2.12.5. Analysis of CSF and Blood Samples
UPLC was performed utilizing a Waters Acquity® UPLC system (Waters Corp., Milford, MA, USA). The system contains a binary solvent manager, sample manager and a photodiode array (PDA) detector, all connected to a Waters Empower 2 data station. An Acquity UPLC Ethylene Bridged Hybrid (BEH) C18 column (50 mm × 2.1 mm, i.d., 1.7 μm particle size, Waters) was used at 40 °C to achieve separation. The machine was primed with the appropriate solvents mentioned above for 10 cycles each of 5 min. The method for separation, identification and quantification was isocratic whereby the mobile phase comprised ammonium acetate buffer and acetonitrile (AA–ACN 65%–35% v/v), the flow rate through the column was 0.50 mL/min, the injection volume was 2 µL and the run time was 3 min. Between injections, the machine was allowed to equilibrate for 3 min so as to attain a constant pressure and more reliable results. Upon completion of analysis, ACN was gradually injected into the system to remove any residue until the entire column was immersed in 100% ACN. Isoniazid (INH) was employed as the internal standard (IS). The PDA detector was set at 254 nm for CPZ and INH detection. Standards were prepared and analyzed (ensuring precision and accuracy) for calibration curve construction.
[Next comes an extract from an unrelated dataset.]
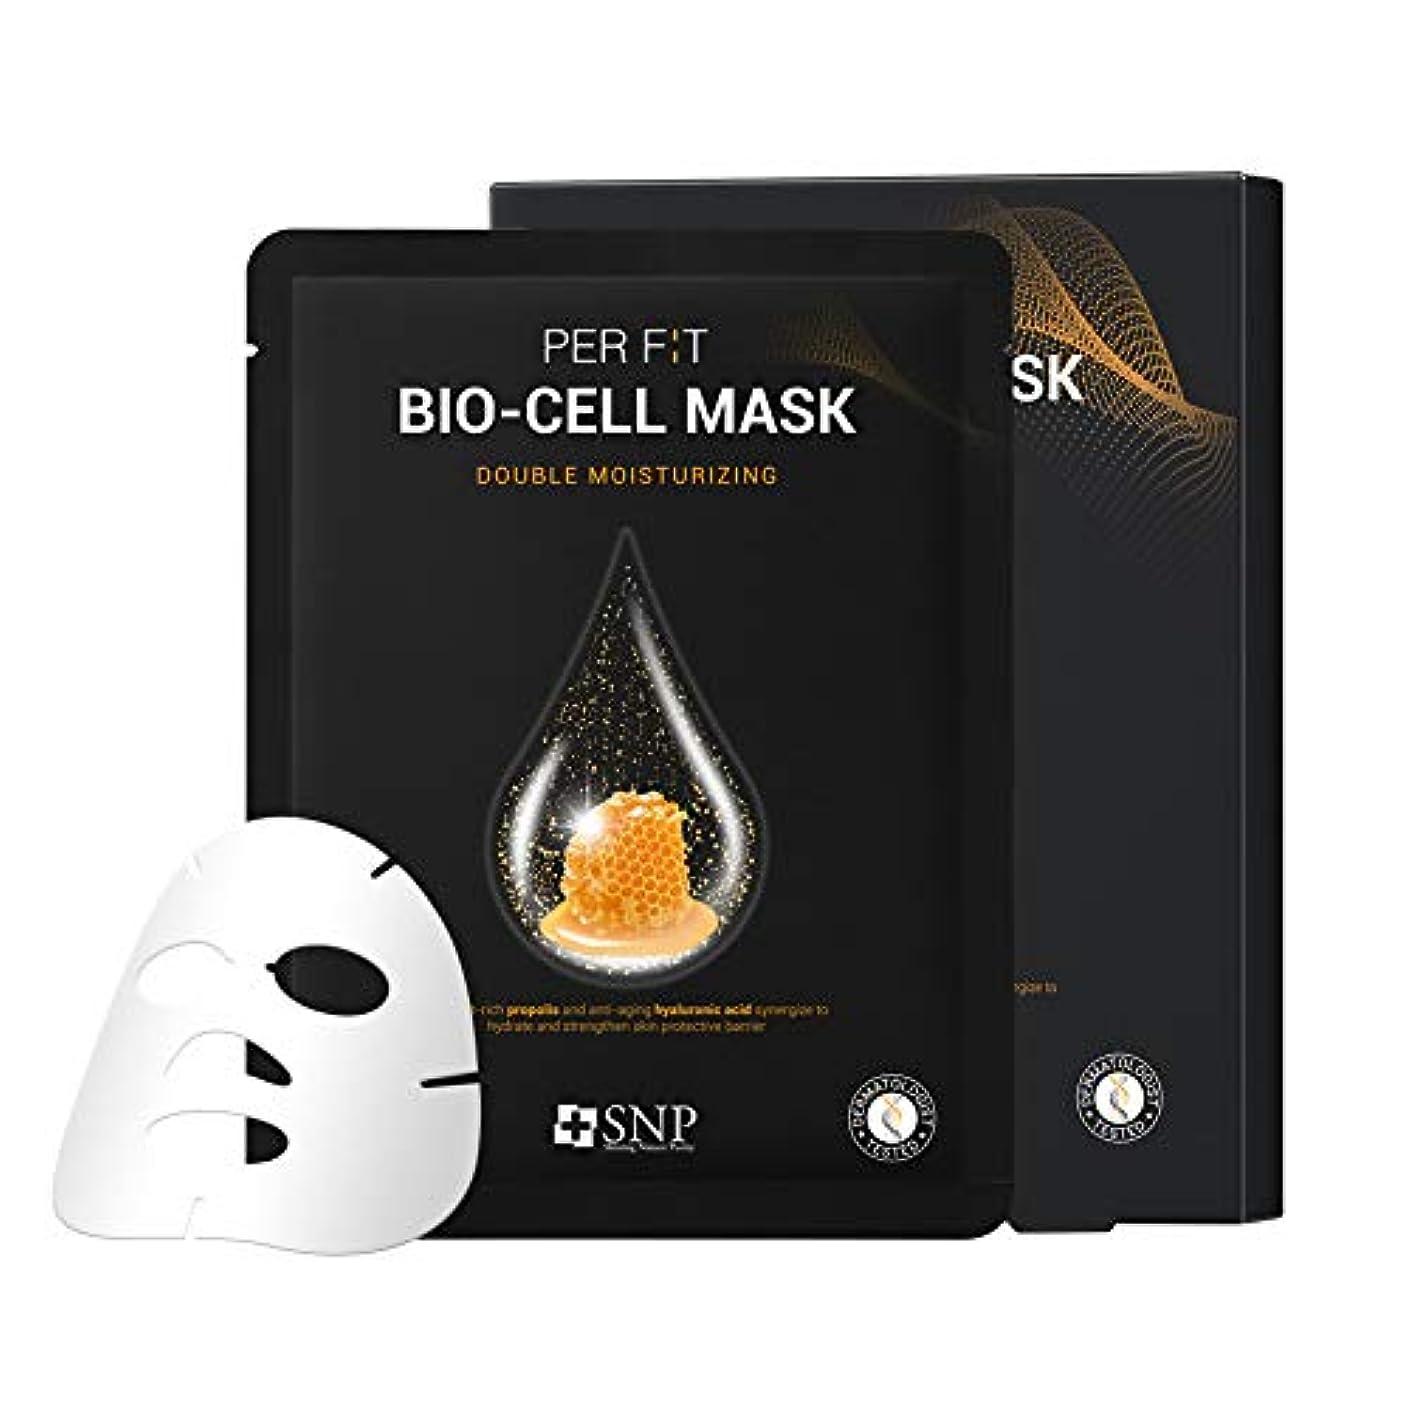 シール批判する選択【SNP公式】パーフィット バイオセルマスク ダブルモイスチャライジング 5枚セット / F:T BIO-CELL MASK DOUBLE MOISTURIZING 韓国パック 韓国コスメ パック マスクパック シートマスク 高機能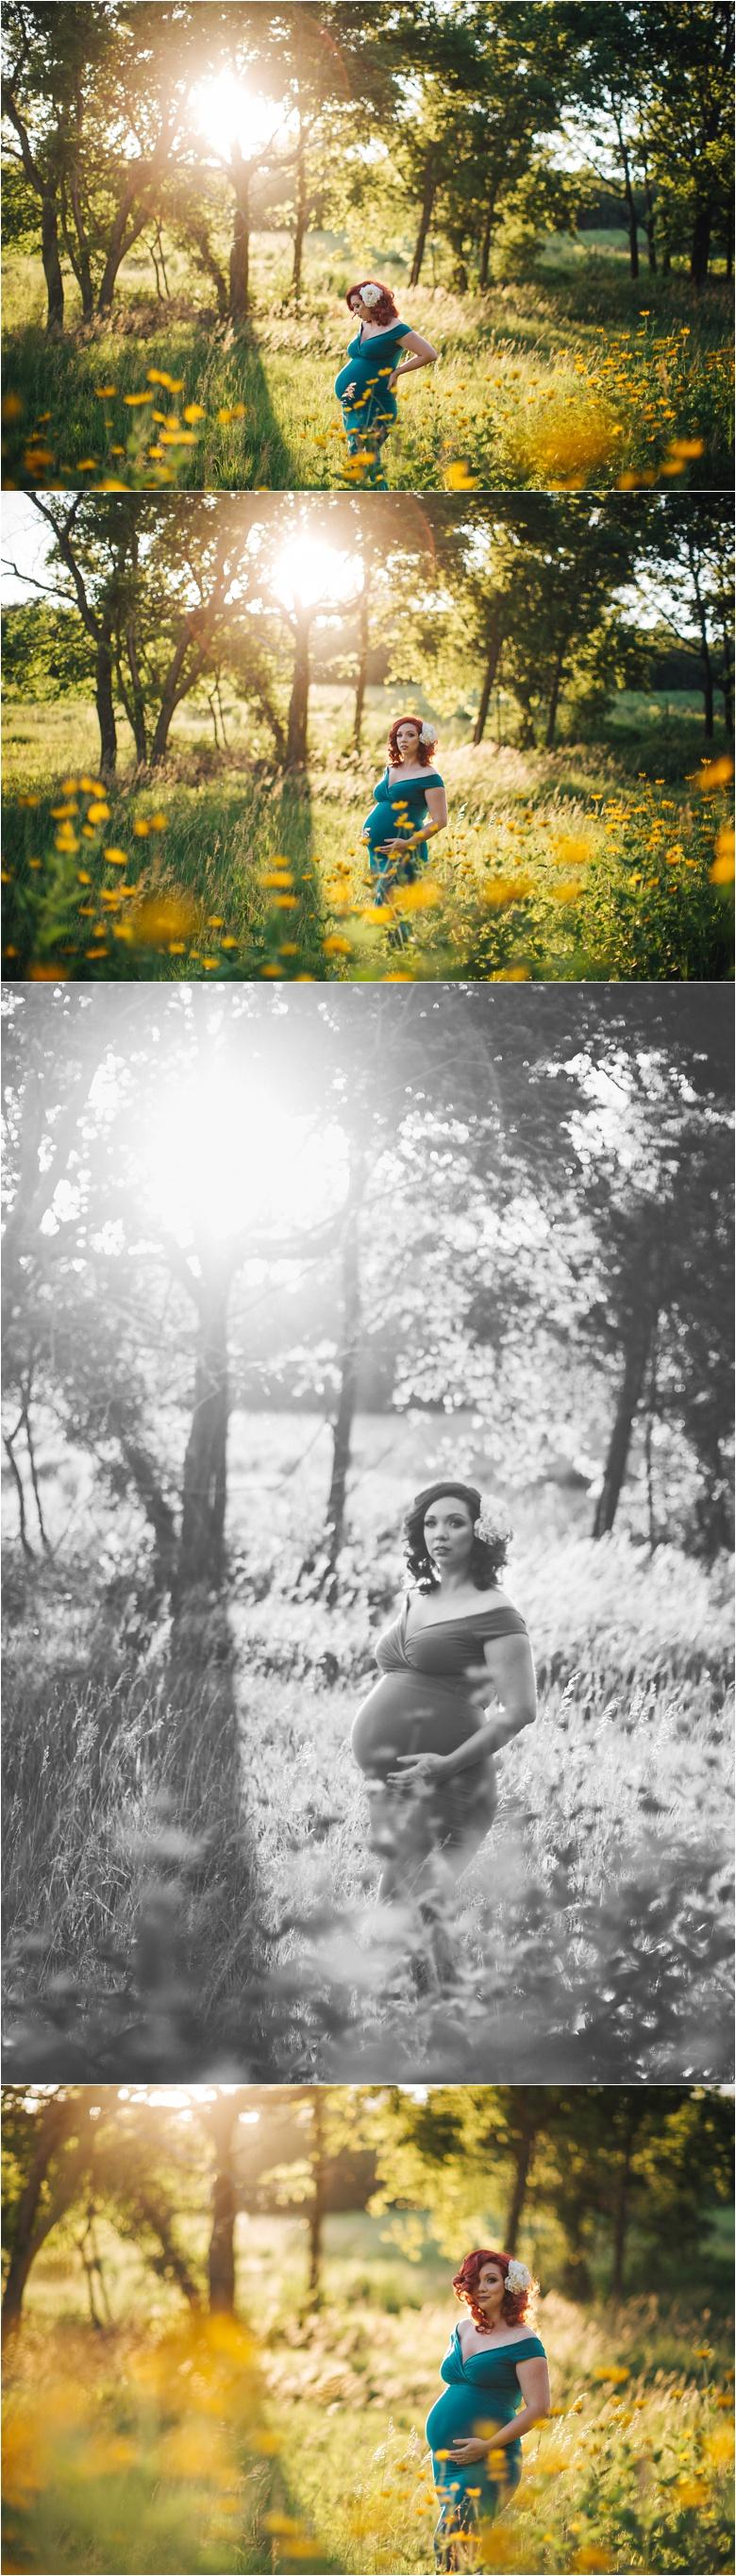 kansascitymaternityphotographer_0004

2.12.6. Plasma and CSF Extraction of CPZ
An uncomplicated and effective liquid–liquid plasma extraction procedure was developed and applied to CPZ in blood samples. Aliquots of plasma (500 μL) of sample were transferred into polypropylene tubes followed by the addition of 1 mL of ACN in order to precipitate the plasma proteins. The samples were subsequently vortexed for 1 min followed by the addition of 500 μL of ACN. The mixture was vortexed again for 1 min and was then centrifuged at 1300 RCF (Nison Instrument Limited, Shanghai, China) for 5 min. The supernatant was removed and filtered through 0.22 μm Cameo Acetate membrane filters. The filtrate was then spiked with a known amount of the IS, INH. The final solution was transferred into Waters® certified UPLC vials for analysis. Due to the fact that CFS does normally contain proteins and that CPZ is highly protein bound, the same extraction procedure was applied to CSF samples.